Because we all need a bit of a chuckle, we decided to ask you on Twitter and LinkedIn. There were some cracking answers
If the website loads, release it.
automate everything and ignore manual testing
World class gatekeeping etiquette and standards
Following ISO 29119, strictly and only.
Test everything
Writing as many bug reports per day as you can.
“A user would never do THAT”
Pigeons.
Doing everything to break the object under test, no matter how extreme it is or how much time and effort it takes.
Just move quickly and get the job done.
A whole lot of test cases to follow by the letter.
Lots of bugs
Also, no bugs
There should not be automated, better test manually
Developer said it works on their machine.

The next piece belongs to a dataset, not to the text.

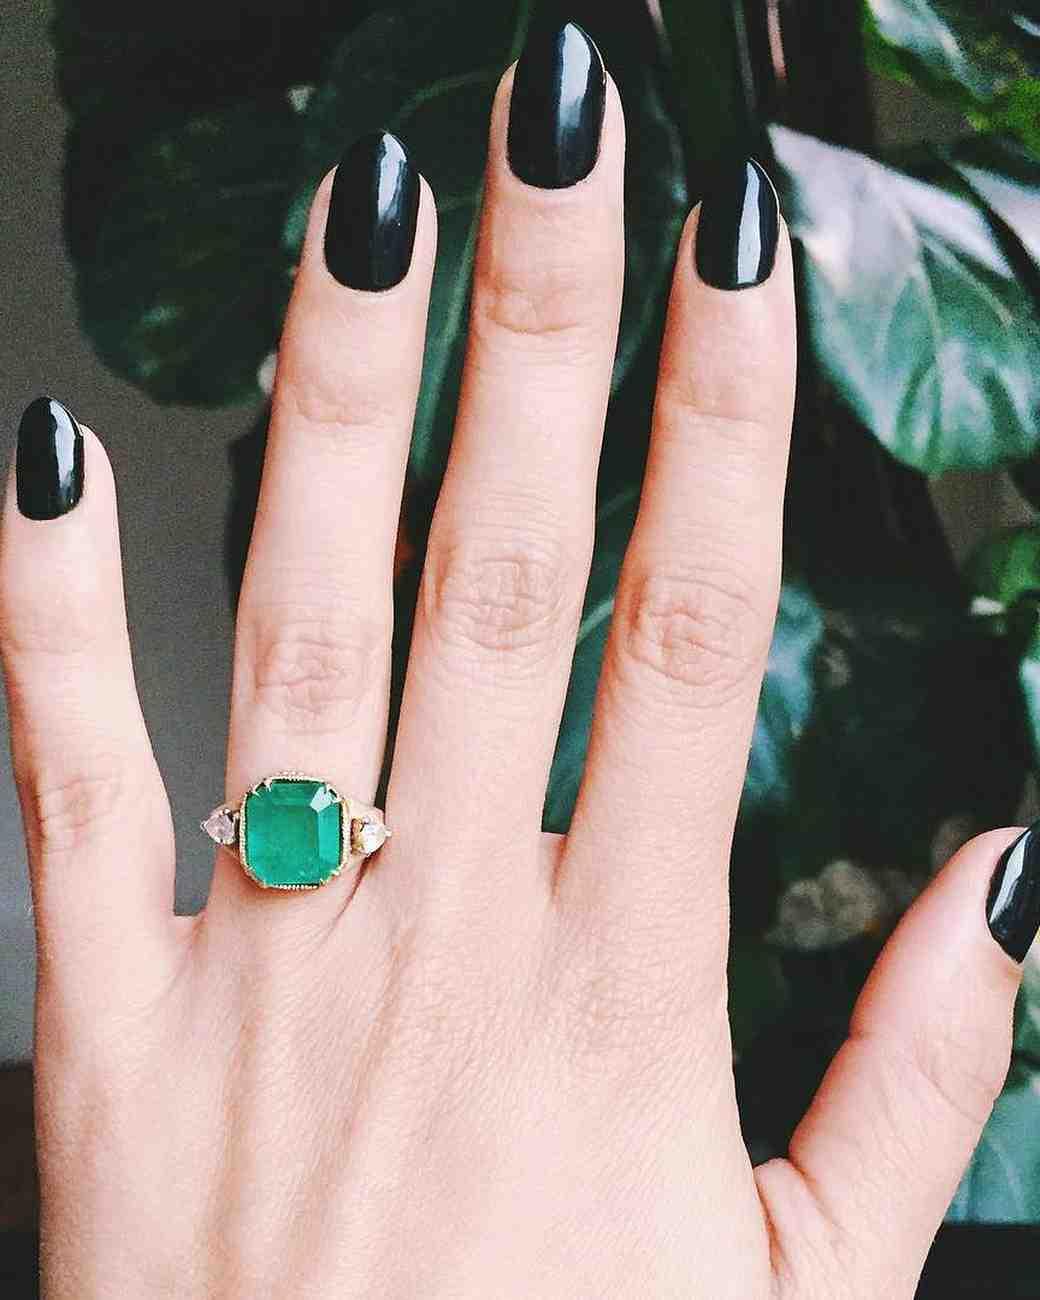 engagement-ring-selfies-emerald-ring-and-nails-0216.jpg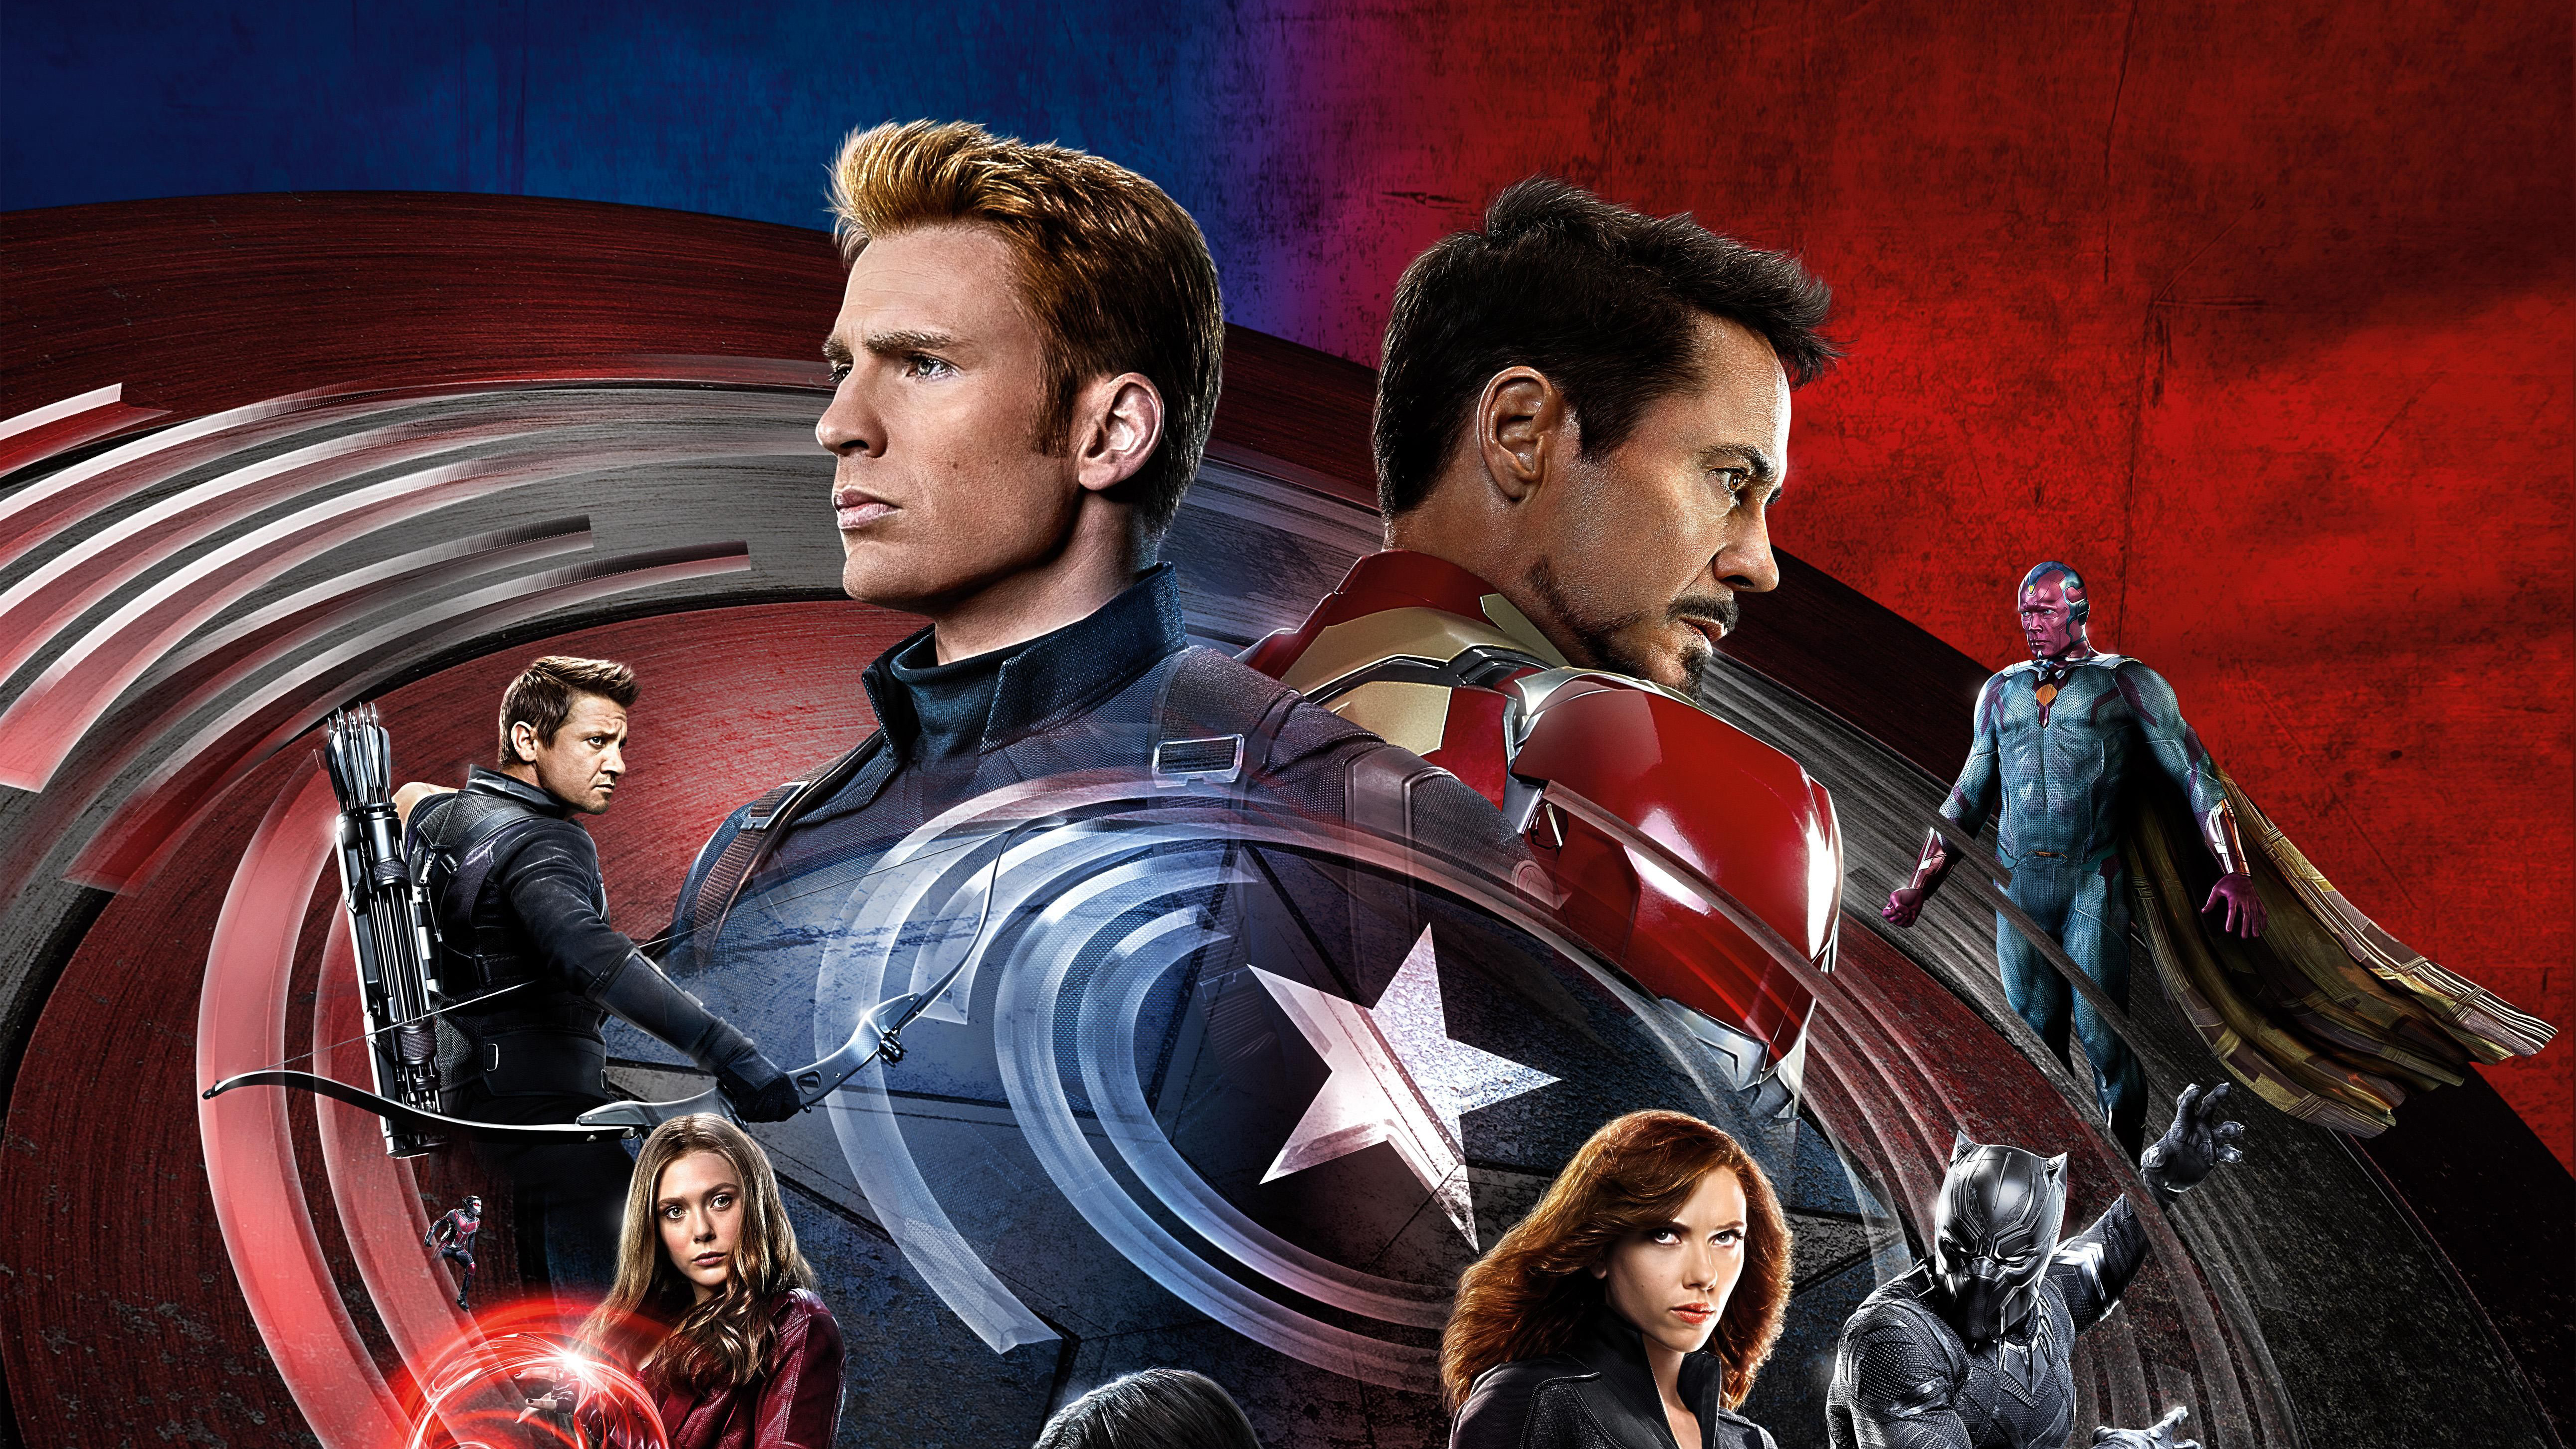 2560x1440 Captain America Civil War 4k 1440P Resolution HD ...

Good enough for me!
Use real user data from production as test data
Having a single QA over a good (let’s say 8) number of developers! Because apparently, anybody can test and assure quality
The Donald says fewer tests means fewer bugs. That good testing, right? Bigly.
Making testers oppositional and adversarial gatekeepers of quality or releases.
Good testing is when customer(stakeholders) reports an issue and replying it with “Issue is already being reported” with the link of ticket id.
Sitting back and watching as the train heads towards that tight corner at full speed. Waiting to reveal, “I told you that would happen”!
Refuse to test anything until every requirement is specified down to the tiniest detail
If you find a critical bug 2 hours before the sprint is due to go to prod, make sure you log a bug as critical (maybe with the word CRITICAL in the title, just to be sure). That way some developer (or somebody) will see it and do something about it.
Happy Path is working.
Make sure there are no bugs by tomorrow!